Понятие социальной связи, учреждаемой посредством пустого жеста, позволяет нам явно определить фигуру социопата. Социопат не способен понять того, что “большинство человеческих действий … совершаются ради самого взаимодействия” 3. Другими словами, социопат использует язык парадоксально стандартным и практичным образом, в его представлении язык является неким инструментом коммуникации, знаками, несущими значение. Он пользуется языком, но не захвачен им, он лишен восприимчивости к его перформативному измерению. Именно этим и определяется отношение социопата к морали. Хотя социопат и может понять регулирующие общественное взаимодействие моральные принципы, и даже следовать им до тех пор, пока это соответствует его интересам, ему, при этом, не достаёт этого “внутреннего ощущения” хорошего и неправильного, представлений о том, что кто-то просто не может совершить некоторые действия, независимо от внешних социальных правил. Другими словами, социопат, в действительности, практикует мораль в том виде, в котором её определяет утилитаризм, согласно которому моральность устанавливает нормы поведения, к которым мы адаптируемся исходя из разумного расчёта собственных интересов (в конечном счёте, нам выгодно способствовать наслаждению максимально возможного числа людей). Для социопата мораль является теорией, которую он изучает и которой следует, но не чем-то таким, с чем он основательно себя идентифицирует. Злой поступок не вызывает у него чувства вины, он оказывается лишь ошибкой в расчётах.

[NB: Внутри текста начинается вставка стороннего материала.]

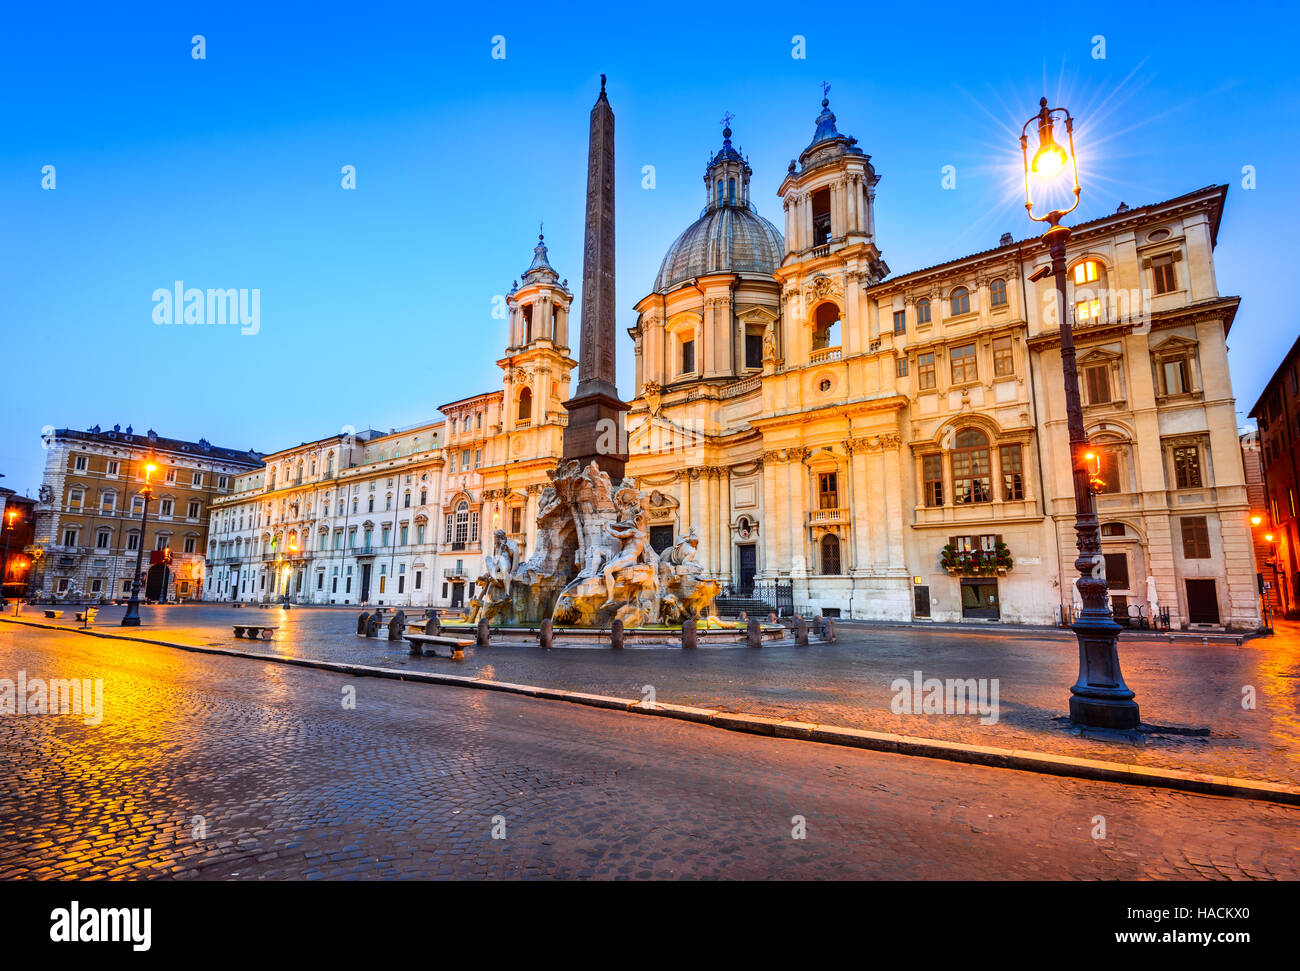 Rome, Italy. Famous Piazza Navona Square Fountain of the Four Rivers with an Egyptian obelisk in Piazza Navona. Stock Photo

Ввиду наличия этого перформативного измерения, каждый выбор с которым мы сталкиваемся в языке, является мета-выбором, то есть выбором выбора, то есть таким выбором, который влияющим на и определяет исходные координаты моих предпочтений. Давайте обратимся к некой повседневной ситуации, в которой мой (сексуальный, политический или финансовый) партнёр ожидает от меня согласия в неком вопросе. Он мне просто говорит: “Я действительно люблю тебя. Если мы придём туда вместе, я буду тебе обязан всем. Но если ты откажешься от этого, я потеряю над собой контроль и превращу твою жизнь в кошмар!” Ловушка состоит в том, что мне не предлагают четкого выбора, так как вторая часть высказывания отменяет первую, ведь человек, обещающий разрушить меня в ответ на мой отказ, не может любить меня и способствовать моему счастью, как он утверждает в первой части своего высказывания. Реальность этого выбора противоречит его предложениям: ненависть или, по крайней мере, холодное расчетливое равнодушие в отношении меня лежат в обоих частях его высказывания. Существует также и другой симметричный лицемерный вариант: “Я люблю тебя и приму любое твоё решение, и потому даже если твой отказ разрушит меня (и ты знаешь, что так будет), я приму любой твой выбор, и не обращай внимание на то, как это может повлиять на меня”. Манипулятивная ложь этого высказывания использует “честную” возможность отказаться для дополнительного давления на то, что бы я согласился, ведь “как ты можешь мне отказать, если я так сильно тебя люблю?”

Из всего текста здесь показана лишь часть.